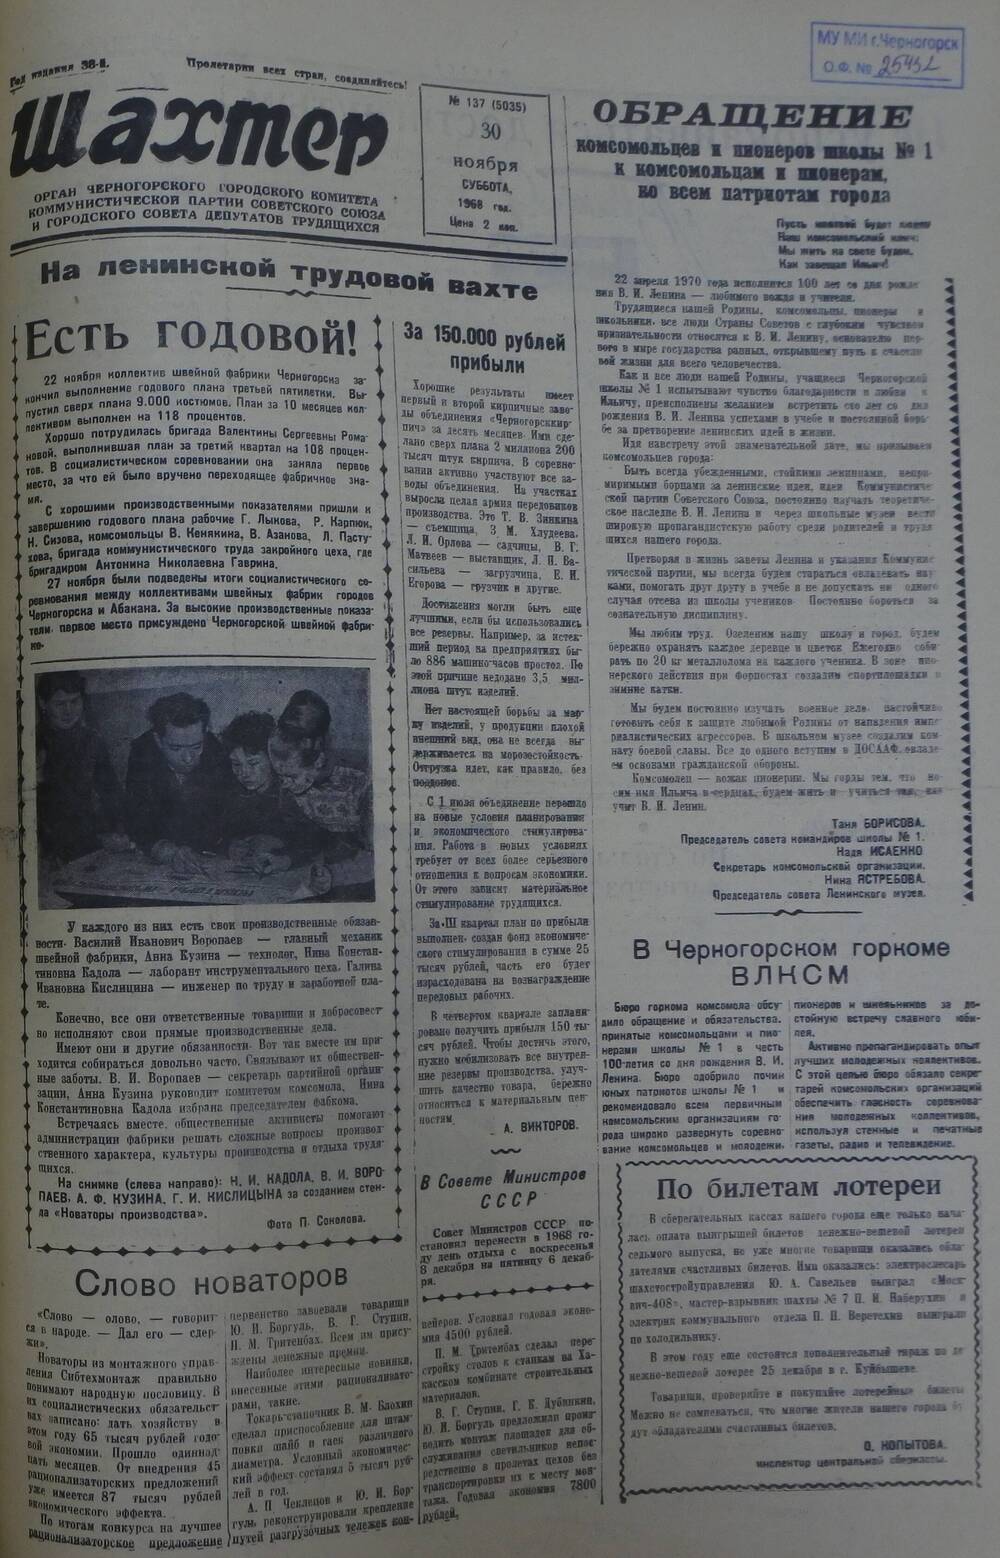 Газета «Шахтер». Выпуск № 137 от 30.11.1968 г.
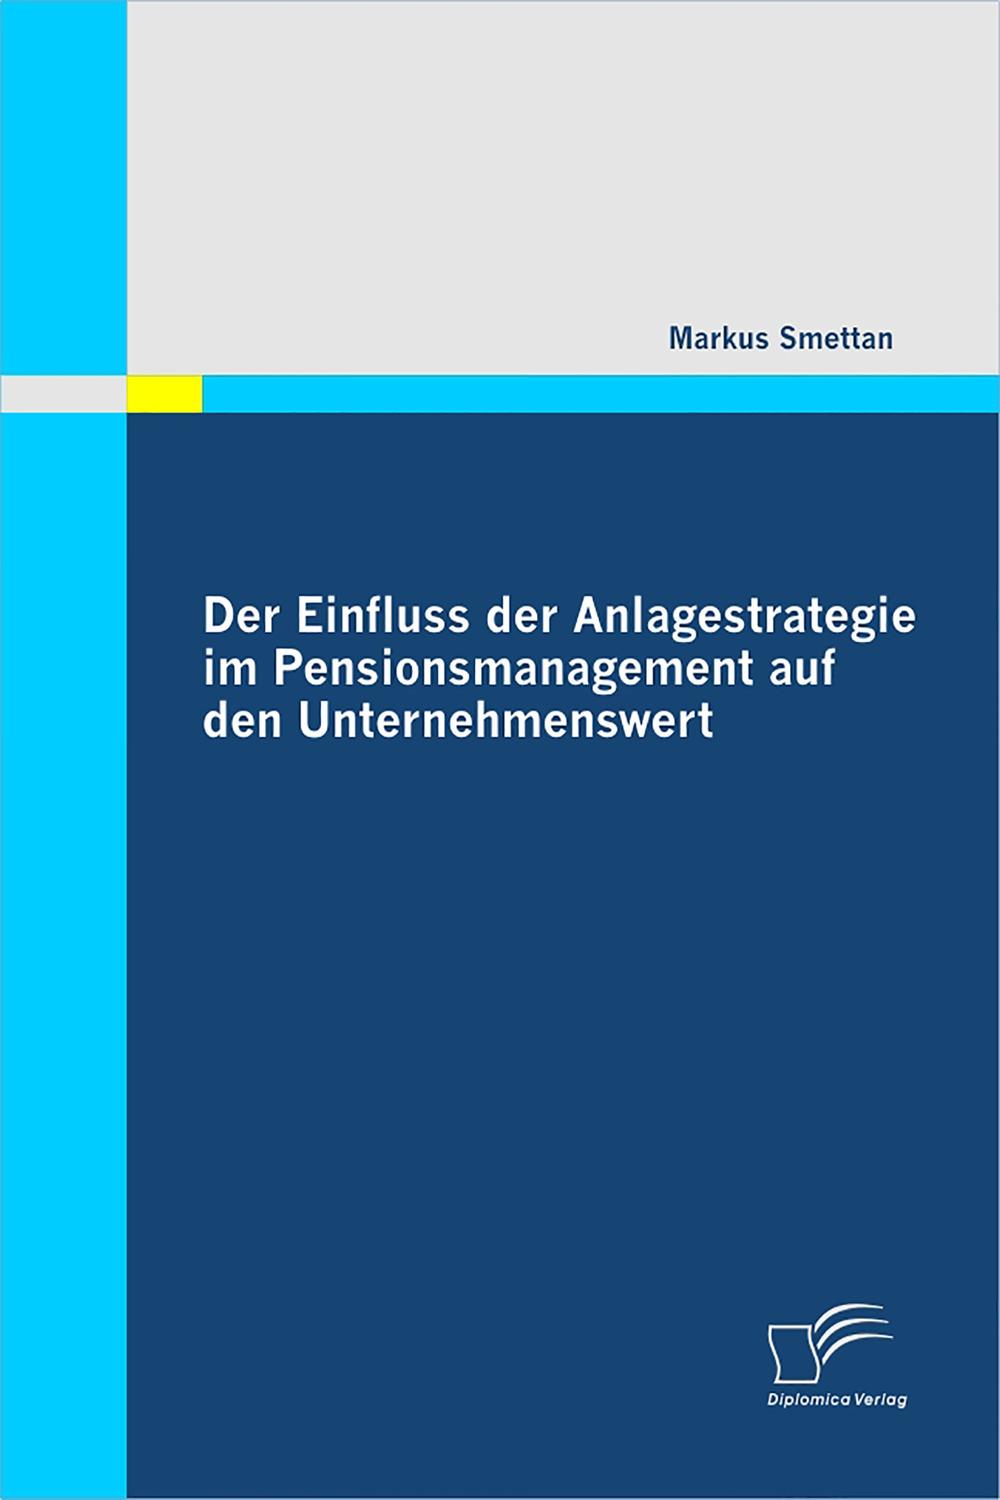 Der Einfluss der Anlagestrategie im Pensionsmanagement auf den Unternehmenswert - Markus Smettan
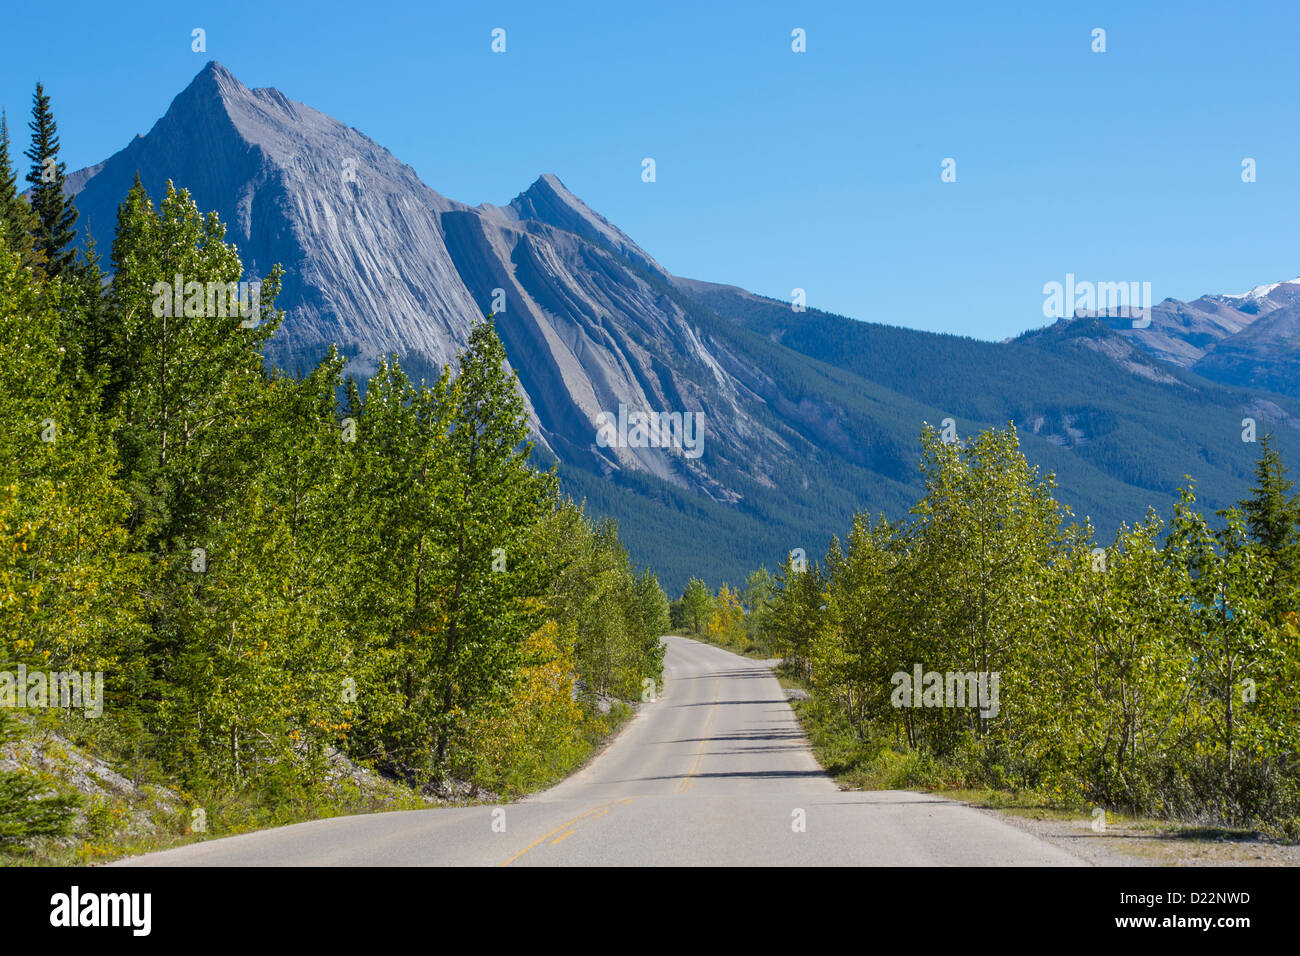 Route de la vallée de la Maligne dans le parc national Jasper en Alberta Canada Banque D'Images

### YOUR GOAL
What is needed is an exact repetition of every line from the line with "Der Einfluss der" to the end of the data above, both ends included, with no pictures.

### EXPECTED OUTPUT
 Der Einfluss der Anlagestrategie im Pensionsmanagement auf den Unternehmenswert - Markus Smettan
 Route de la vallée de la Maligne dans le parc national Jasper en Alberta Canada Banque D'Images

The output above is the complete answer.